### YOUR OBJECTIVE
Below, find the line containing "[Deidre+sweater+2]" and the line containing "Перл Гонсалес в золотистом бикини"; reproduce exactly those two and every line between them, omitting pictures.

### RECORDS PROVIDED
--------

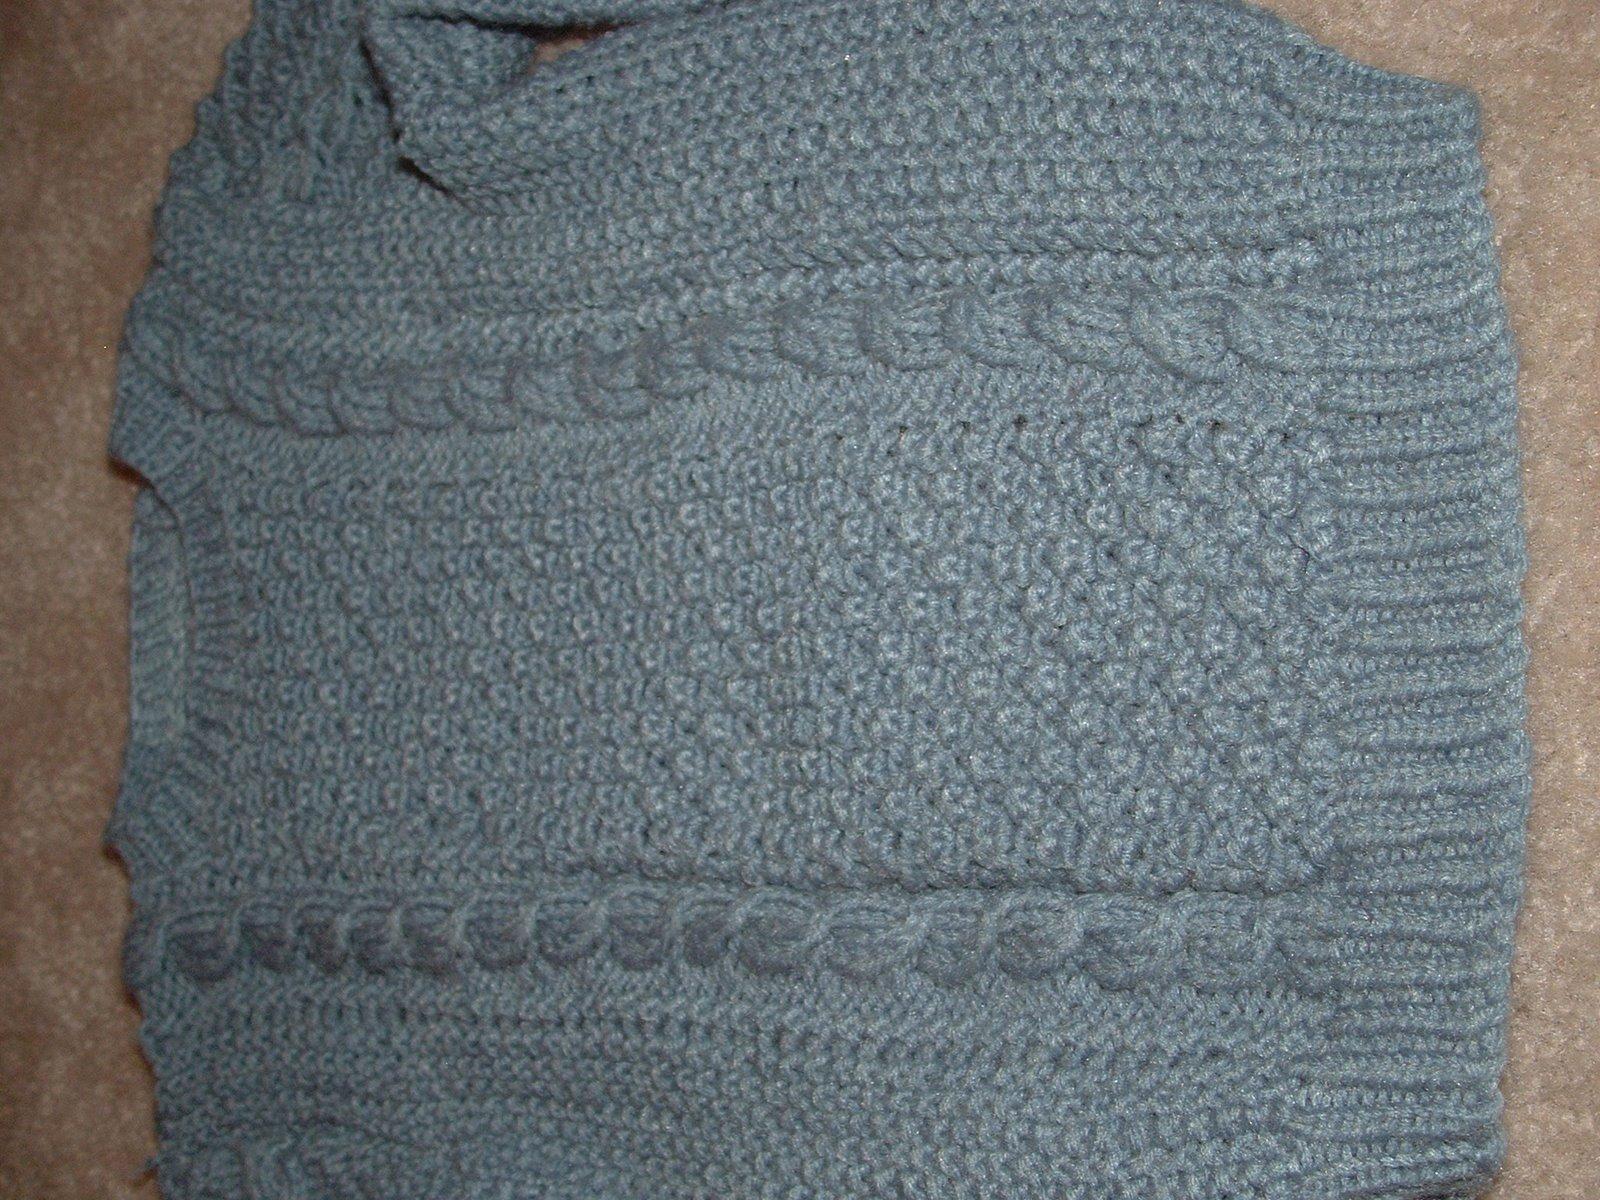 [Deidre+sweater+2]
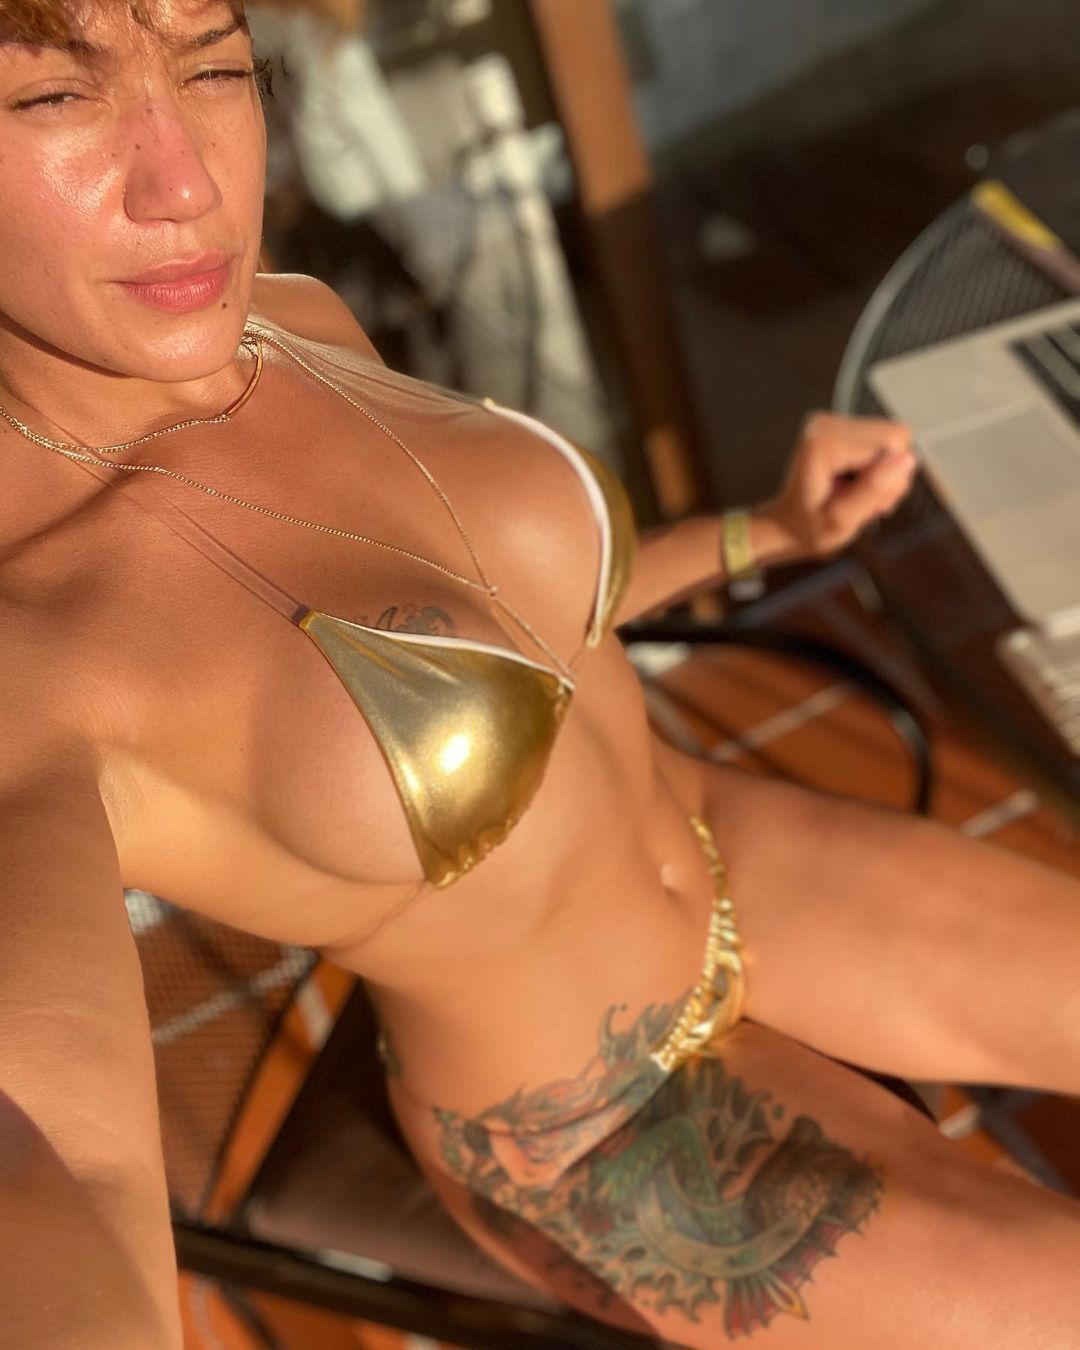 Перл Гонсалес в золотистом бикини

--------

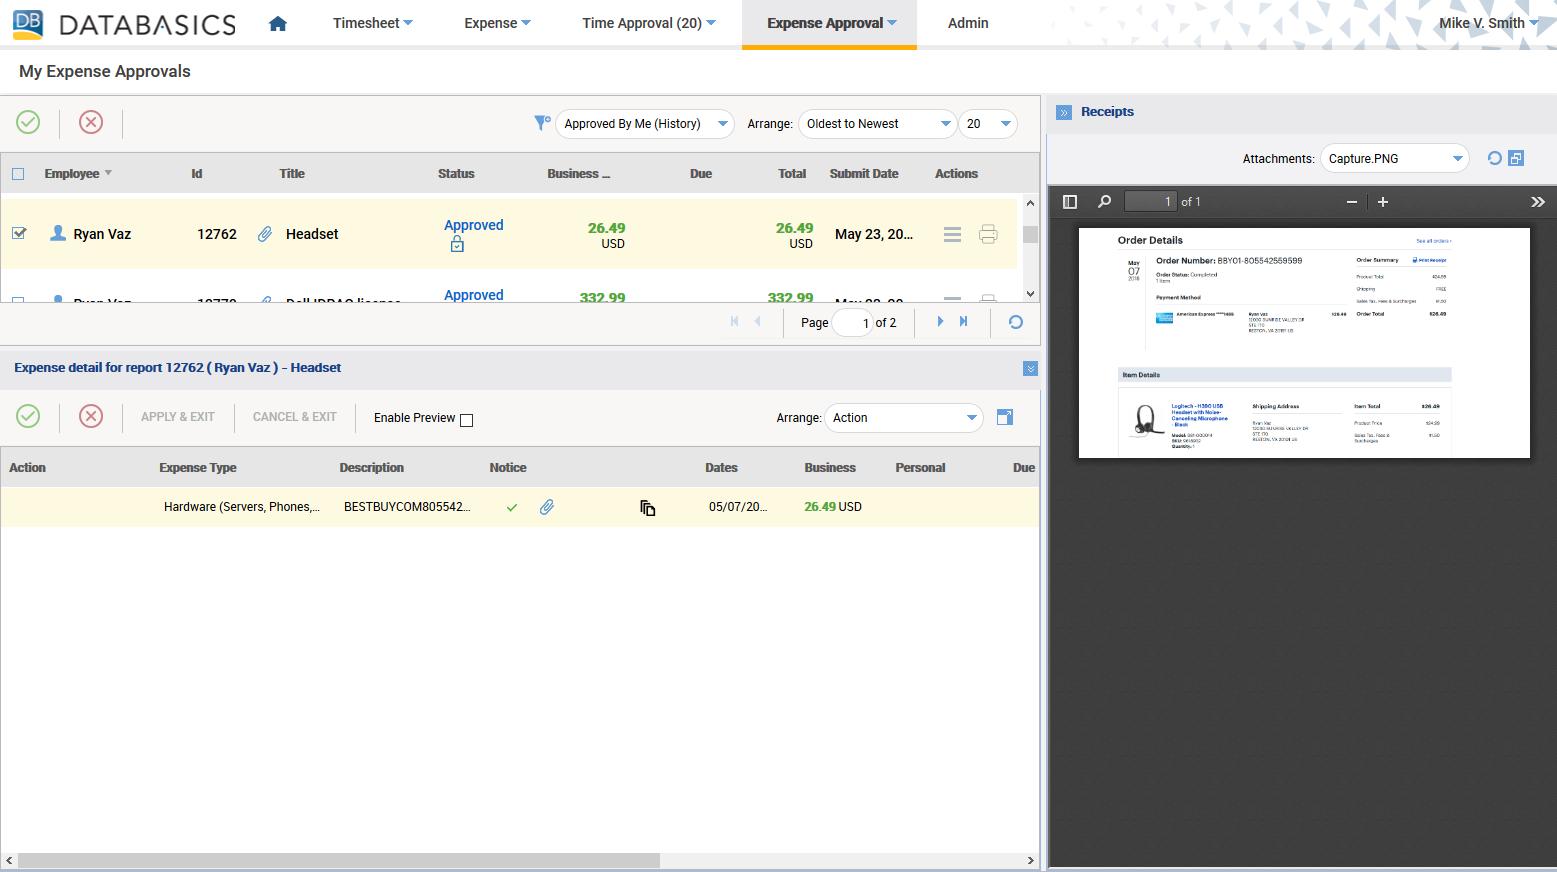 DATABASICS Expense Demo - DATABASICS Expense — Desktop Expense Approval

--------

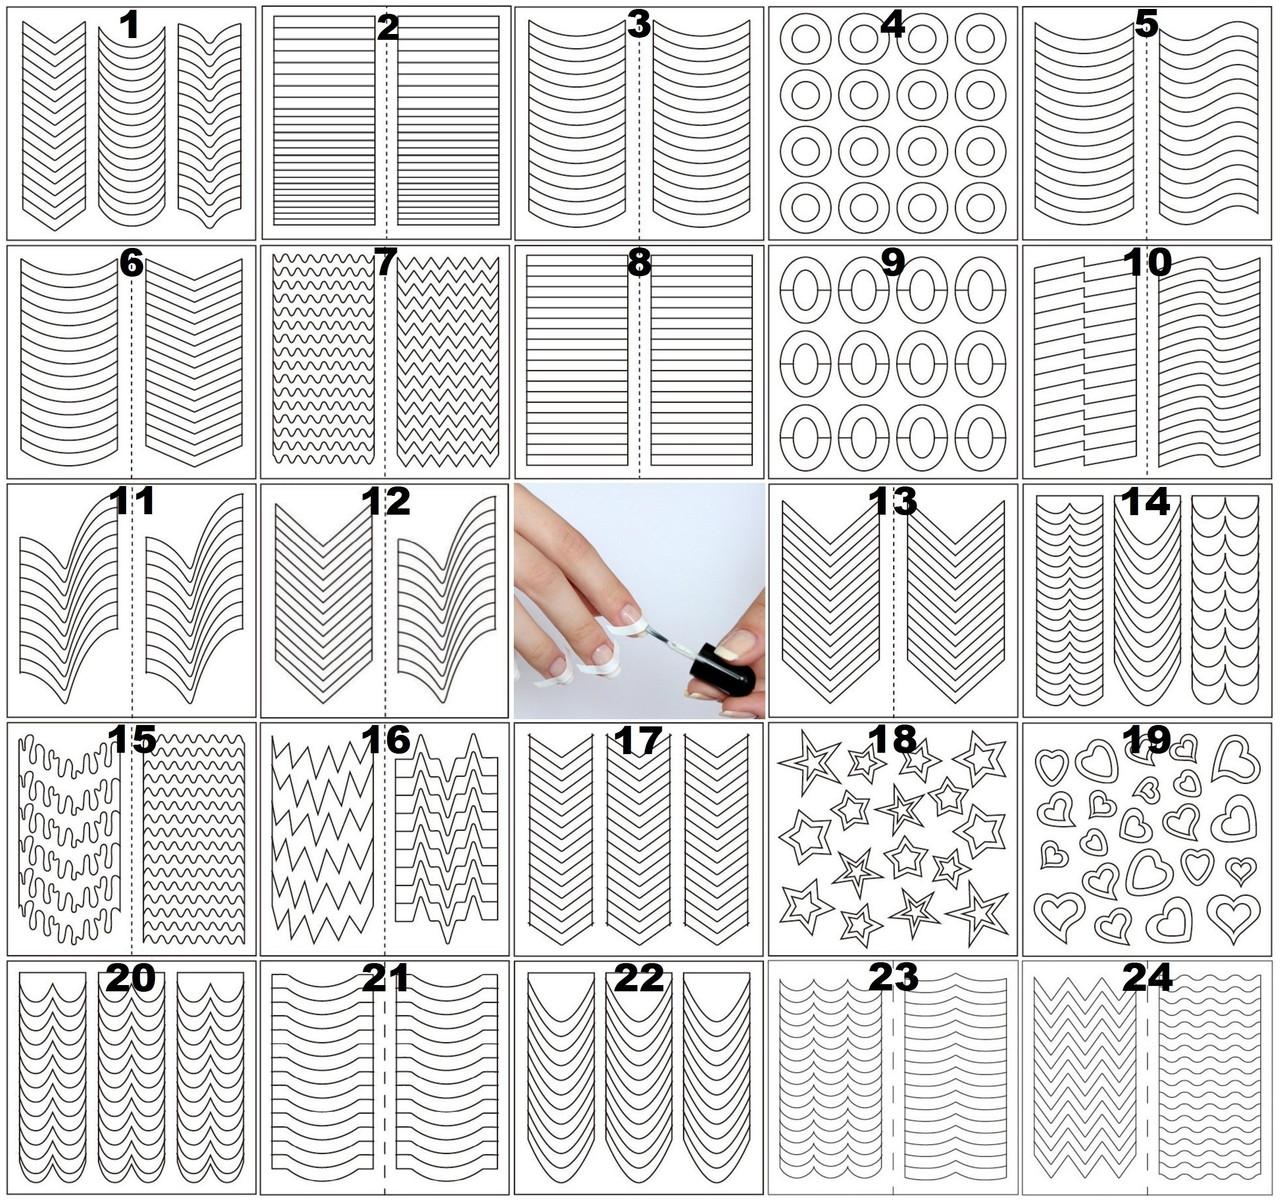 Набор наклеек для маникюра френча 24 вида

--------

### PROBLEM SOLUTION
 [Deidre+sweater+2]
 Перл Гонсалес в золотистом бикини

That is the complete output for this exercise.